Scientist makes strides to treat River blindness

Dr. William C. Campbell discussed the drug Ivermectin, which helps combat the River blindness epidemic. The 2015 winner of a Nobel Prize in the category of Physiology or Medicine spoke at the event presented by the Health Studies Institute in coordination with the global studies and health care policy programs on April 7.

By James Shepherd

Nobel Prize winner William C. Campbell visited Rider University to speak about the therapy he discovered that combats infections caused by roundworms. Specifically, he discussed the drug Ivermectin and how it combats Onchocerciasis, or, as it its more commonly known, River blindness. Campbell won a Nobel Prize in 2015 in the Physiology or Medicine category.

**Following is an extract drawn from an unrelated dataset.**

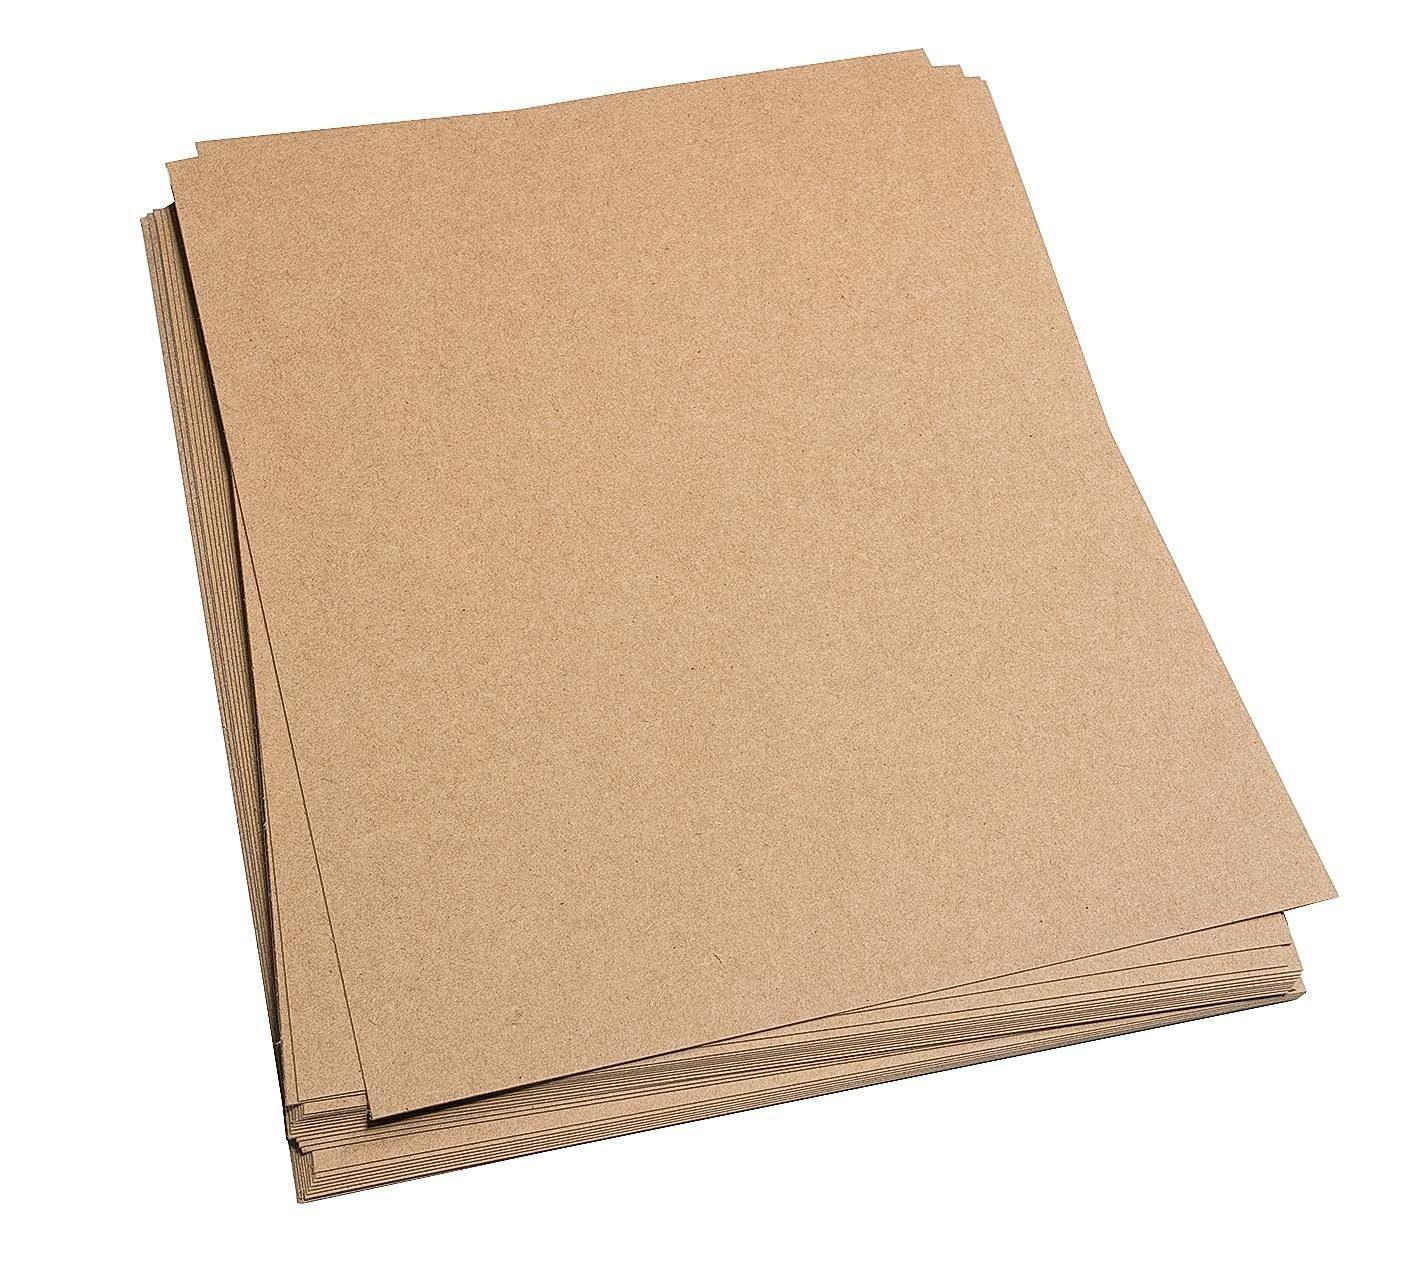 Kraftpapier DIN A4, 25 Blatt

The root cause of River blindness is the bite of the Black Fly. “When it bites the person the infected larvae penetrate the bite wound and get under the skin before growing into adult worms,” Campbell said.” After the larvae mature, they begin to breed on their own. It is their progeny which migrate through the skin, some of which eventually end up in the eye.

A telltale sign of infection is what Campbell refers to as “a tennis ball full of spaghetti.” Small nodules appear on the skin of the infected, within which lie the baby worms which eventually migrate through the skin to various points in the body.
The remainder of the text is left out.